**Task description:** The entries below contain pictures, which are to be left out; write out exactly, and only, the lines from the line with "Белая футболка-поло для" up to and including the line with "Usnea filipendula or".

**Exercise materials:**

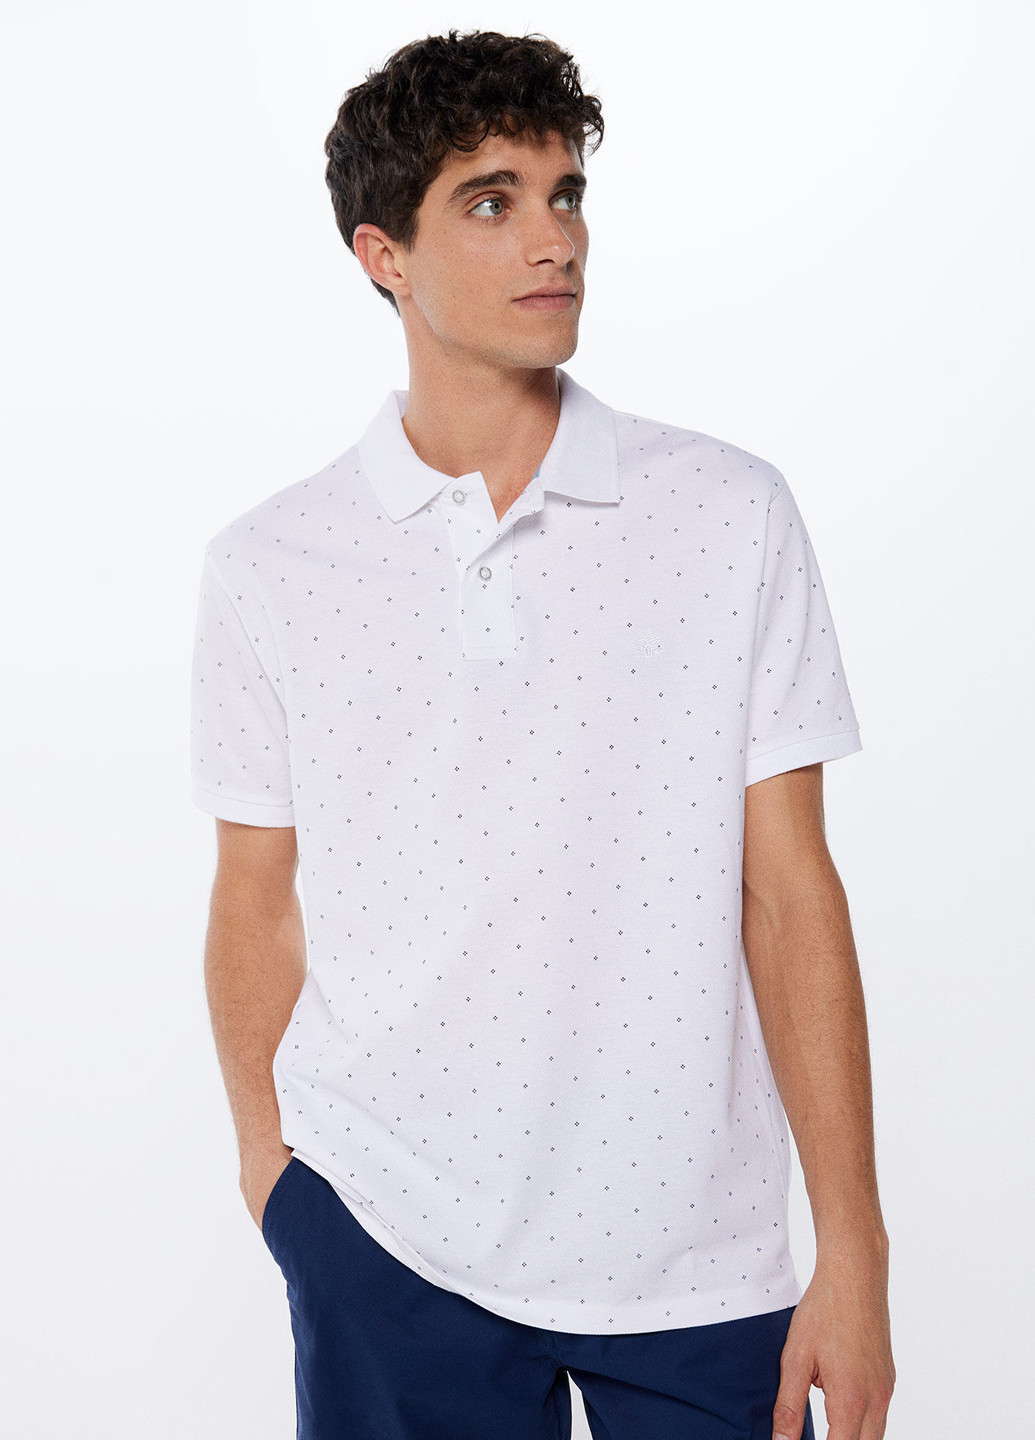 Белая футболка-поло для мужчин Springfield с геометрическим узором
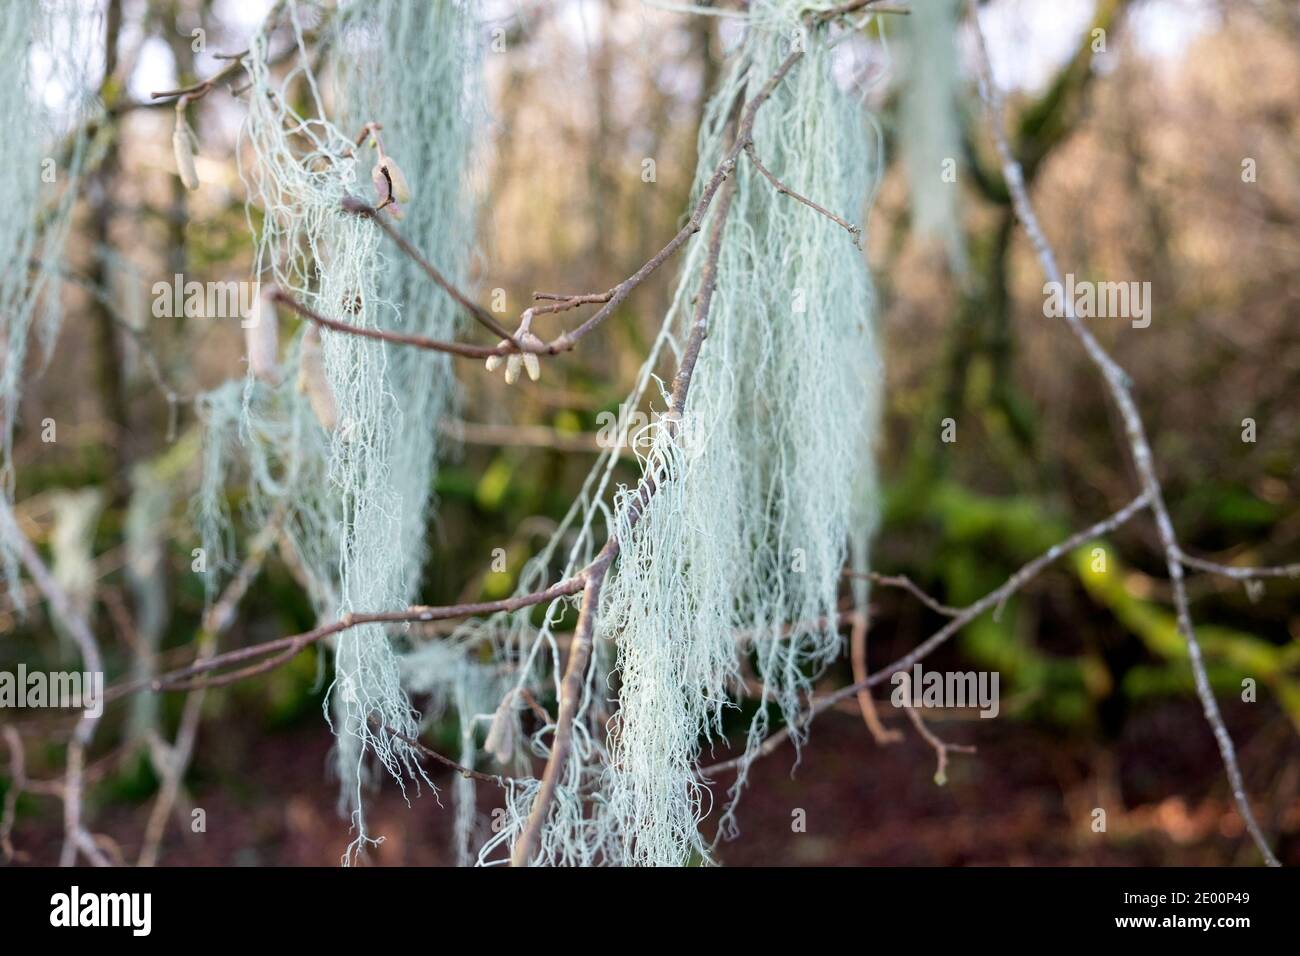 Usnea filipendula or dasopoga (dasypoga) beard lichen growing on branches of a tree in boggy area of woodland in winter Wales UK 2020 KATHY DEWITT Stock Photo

--

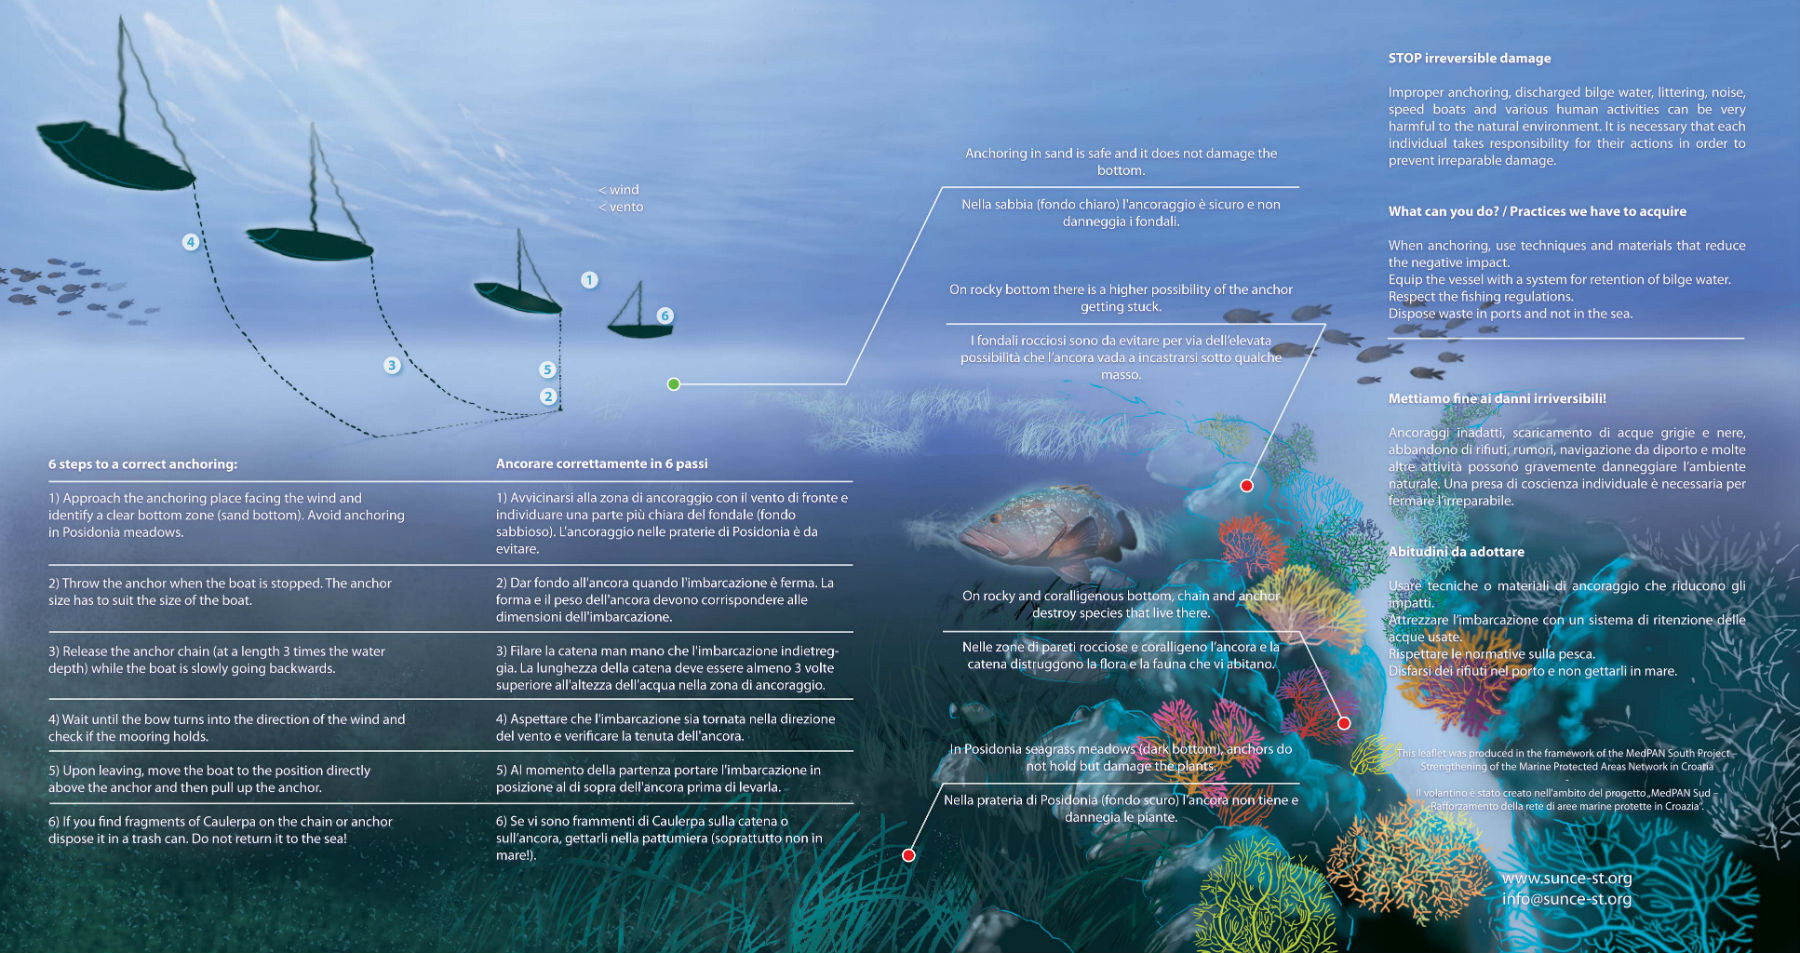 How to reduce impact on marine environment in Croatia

**Task response:**
 Белая футболка-поло для мужчин Springfield с геометрическим узором
 Usnea filipendula or dasopoga (dasypoga) beard lichen growing on branches of a tree in boggy area of woodland in winter Wales UK 2020 KATHY DEWITT Stock Photo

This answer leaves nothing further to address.